JP 2009-108006 A JP 2006-223611 A JP-A-3-85160

  Therefore, as a means for applying to the base material, for example, a method capable of efficiently applying a coating liquid to a necessary portion, such as a droplet jet method, can be applied efficiently. It is possible to reduce the manufacturing cost of the medicine.

  However, in the above-described droplet jet method, a large number of nozzles that eject droplets of the coating liquid are provided in the ejection head, but some of these nozzles may become non-ejected due to clogging or the like. When the chemical liquid is applied onto the base material by the discharge head (discharge portion) in which non-discharge occurs in a part of the nozzle in this way, a coating defect is generated in which the chemical liquid is not applied within a necessary portion on the base material.

  The patch having the coating defect as described above becomes a defective product due to the reason that the aesthetic appearance is impaired, and there arises a problem that the yield is lowered.

  In view of the above points, an object of the present invention is to provide a chemical solution application apparatus and a chemical solution application method capable of improving the use efficiency of a chemical solution, reducing the manufacturing cost of the patch, and improving the yield. It is to provide.

  The invention according to claim 1 (medical solution applying apparatus) discharges a chemical solution containing a drug as a droplet toward a base material relatively moving in the first direction, and is arranged along a second direction intersecting the first direction. A discharge unit having a plurality of nozzles, and gas supply means for supplying a gas toward the chemical solution discharged by the discharge unit and adhering to the surface of the substrate, and causing the chemical solution to flow in a direction along the surface of the substrate And.

  According to a second aspect of the present invention, in the chemical liquid coating apparatus according to the first aspect, the state detection means for detecting the application state of the chemical liquid discharged by the discharge portion and attached to the surface of the substrate, and the detection result by the state detection means. And control means for controlling whether or not gas is supplied from the gas supply means.

  The invention according to claim 3 (chemical solution coating method) is directed to a medicine from a discharge part having a plurality of nozzles arranged along a second direction intersecting the first direction toward a base material relatively moving in the first direction. And a gas supply step of supplying a gas toward the chemical liquid discharged by the discharge unit and adhering to the surface of the base material, and causing the chemical liquid to flow in a direction along the surface of the base material. It is characterized by including these.

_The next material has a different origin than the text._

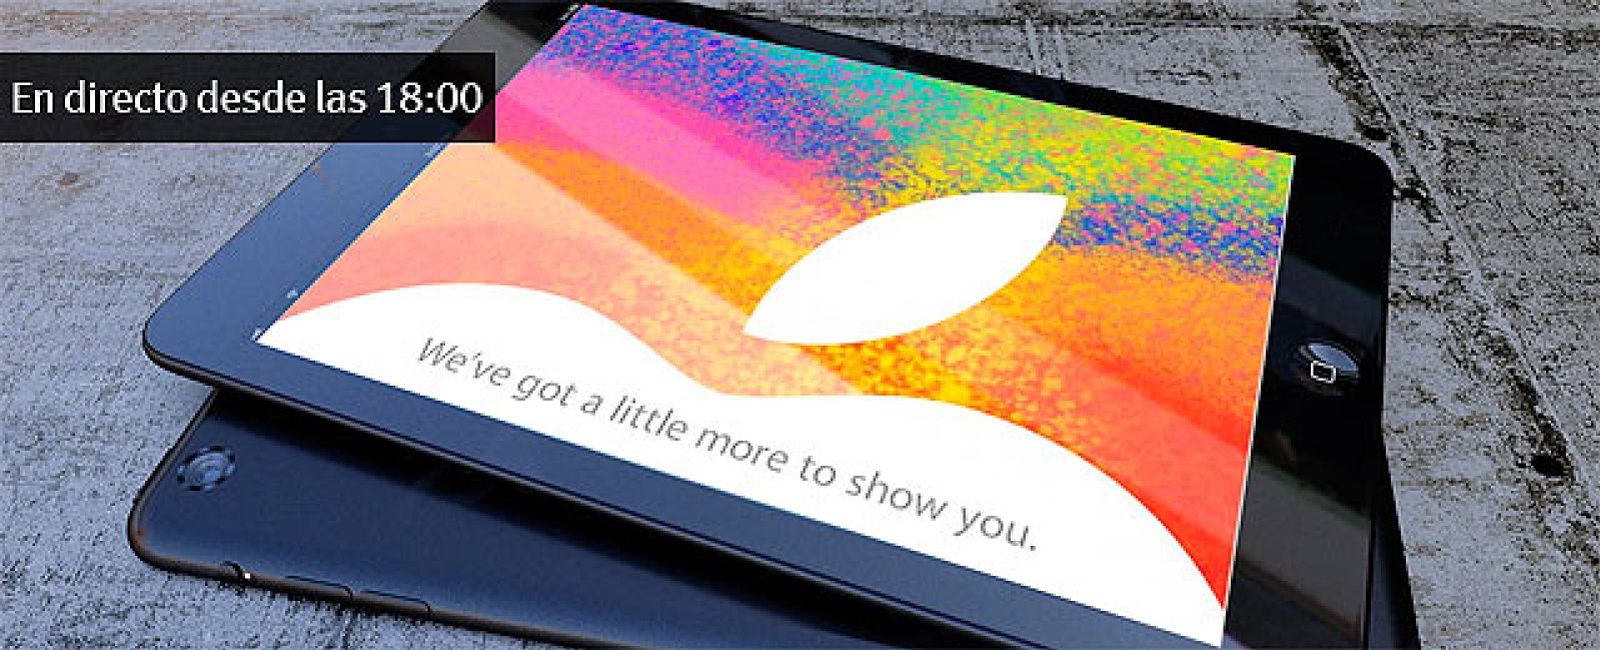 Foto: En directo: Presentación del iPad mini de Apple

  According to a fourth aspect of the present invention, in the chemical liquid application method according to the third aspect, after the chemical liquid discharge step, prior to the gas discharge step, the state of detecting the application state of the chemical liquid discharged by the discharge portion and attached to the surface of the substrate A detection step is further included, and it is determined whether or not to execute the gas supply step based on the detection result of the state detection step.

  According to the invention according to any one of claims 1 to 4, the use efficiency of the chemical solution can be improved, the manufacturing cost of the patch can be reduced, and the yield can be improved.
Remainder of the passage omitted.